No farewell to arms in peaceful Mizoram 

Subir Bhaumik

 

Mizoram is surely a state that gave peace a chance.

After twenty years of much bloodletting during the MNF led insurgency, the state returned to normalcy when the guerrillas walked out of the jungles in 1986.

Mizoram began to be showcased as an Indian success story in peace-making, reinforcing Delhi's faith in co-option and dialogue rather than conflict and retaliation to handle insurgencies and rebellions.

Mizoram's message was clear – don’t go for overkill when you handle your own 'misguided brothers and sisters', have patience and faith in dialogue and it will work at some point. 

After fighting Indian troops for twenty years, MNF leaders dropped their battle fatigues for smart three-piece suits and became ministers to run the state for several terms. Even after losing elections, they remain wedded to electoral politics.

MNF chief minister Zoramthanga even became former Prime Minister Vajpayee's 'Man Friday' to mediate with other rebel groups in the Northeast.

Zoramthanga has also been advising Myanmar's peacemakers as they negotiate a nationwide ceasefire with nearly two dozen ethnic rebel armies.

He recently travelled to Myanmar to attend the first signing ceremony of the nationwide ceasefire, along with National Security Adviser Ajit Doval and Naga talks interlocutor R N Ravi.

Barring a few smaller groups, armed activity has been largely absent in Mizoram.

But that does not mean Mizoram has bid farewell to arms.

If seizures are any indication, more and more contraband weapons are passing through Mizoram on way to Bangladesh or mainland India.

The weapons are smuggled in from Myanmar.

Last week, the Assam Rifles raided two villages in Serchhip and recovered eight assault rifles and 12 loaded magazines. Two smugglers involved in peddling them were also caught.

This was the second big recovery of illegal weapons by the Assam Rifles in six months. Earlier they had seized eight US made M4 rifles in Champhai near the border with Myanmar.

But what is being recovered and seized is believed to the tip of an iceberg.

Mizoram shares a 510 km border with Myanmar and a 318 km frontier with Bangladesh. It appears it has become a corridor for arms' smuggling.

In August 2014, BSF seized eight AK series assault rifles from a gang of smugglers.

Interestingly, this was a Chakma gang -- two of those arrested were Bangladesh Chakmas and three were local Mizoram based Chakmas.
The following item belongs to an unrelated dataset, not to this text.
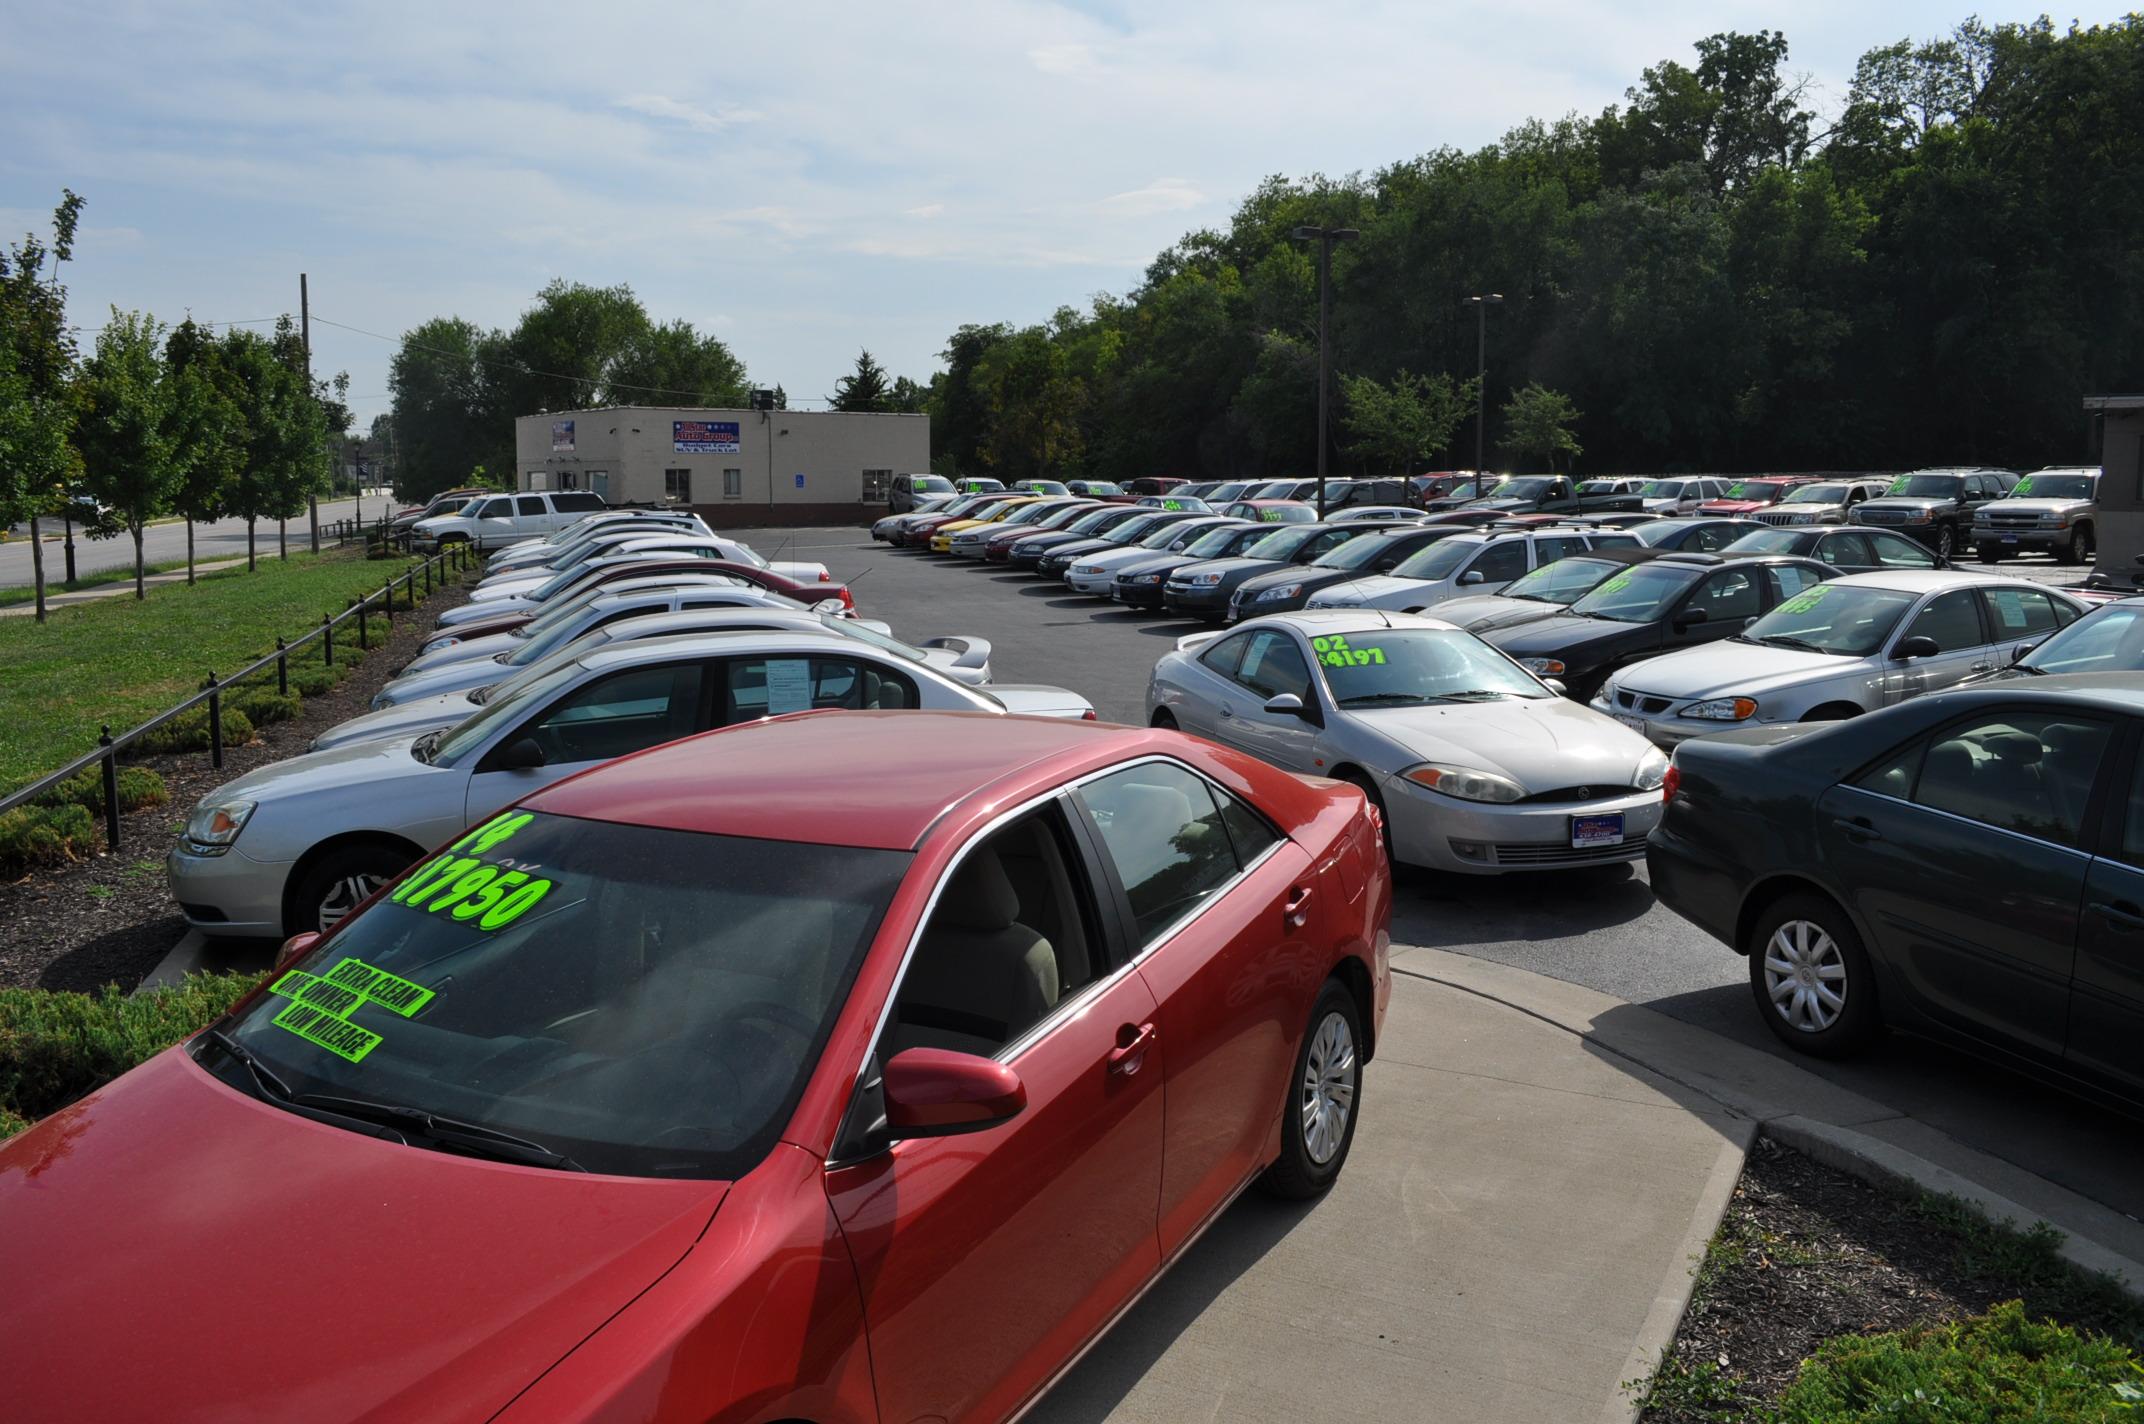 Kc Used Car Emporium Reviews

But the biggest ever one-time seizure of weapons in recent years in the Northeast was reported in March last year -- again from Mizoram. 31 assault rifles of AK varieties and a light machine gun were seized along with huge quantities of ammunition from a guest house near Aizawl's Lengpui airport.

It appears there is a major change of route in the region's clandestine arms trade.

Earlier, the weapons should come by sea to Chittagong port, brought in small ships from Thailand or elsewhere in south-east Asia. It contained a mix of old US and Western-make weapons from the days of the Vietnam war and also a new batch of Chinese weapons , sold off into the black market by the Khmer Rouge which, once armed by China, was just falling part.

From Chittagong, these weapons would be carried inland by north-eastern rebels through Mizoram and Manipur or through Tripura and Assam, depending on which rebel group was receiving it and which state it belonged to.

The Indian army first busted this route in 1995 by its hugely successful Operations Golden Bird, when it killed 38 rebels from three groups and arrested 118 of them, including ULFA's one-time foreign secretary Sasha Chowdhury.  Scores of encounters were reported in April-May 1995 over a 200-kms stretch in South Mizoram.

But so long Bangladesh agencies played ball , the route could never be fully plugged.The ULFA used this route and got its ally, the All Tripura Tiger Force (ATTF) to cache huge quantities of weapons at its headquarters in Satcherri. Much of this was for sale at premium, some for use. 

But that changed in Dec 2008 when Sheikh Hasina came to power and reopened the 2004 Chittagong arms case . Four years later, a special court in Chittagong awarded death sentences to two former Bangladesh ministers Motiur Rahman Nizami and Lutfor Zaman Babar, three former heads of Bangladesh intelligence agencies DGFI and NSI and ULFA military wing chief Paresh Barua. 

Subsequently, the Rapid Action Battalion of Bangladesh has carried out regular raids on Satcherri, recovering a huge cache of weapons left behind by the ULFA and the ATTF when their leaders were nabbed and handed over to India and the fighters fled Bangladesh in haste.

The sea route was given up in view of changing realities. But smuggling syndicates in Bangladesh and their partners in Northeast changed the route. With the United Wa State Army flush with Chinese weapons they procure or assemble in their northern Myanmar hideouts, these sydicates turned overland to Myanmar for weapons.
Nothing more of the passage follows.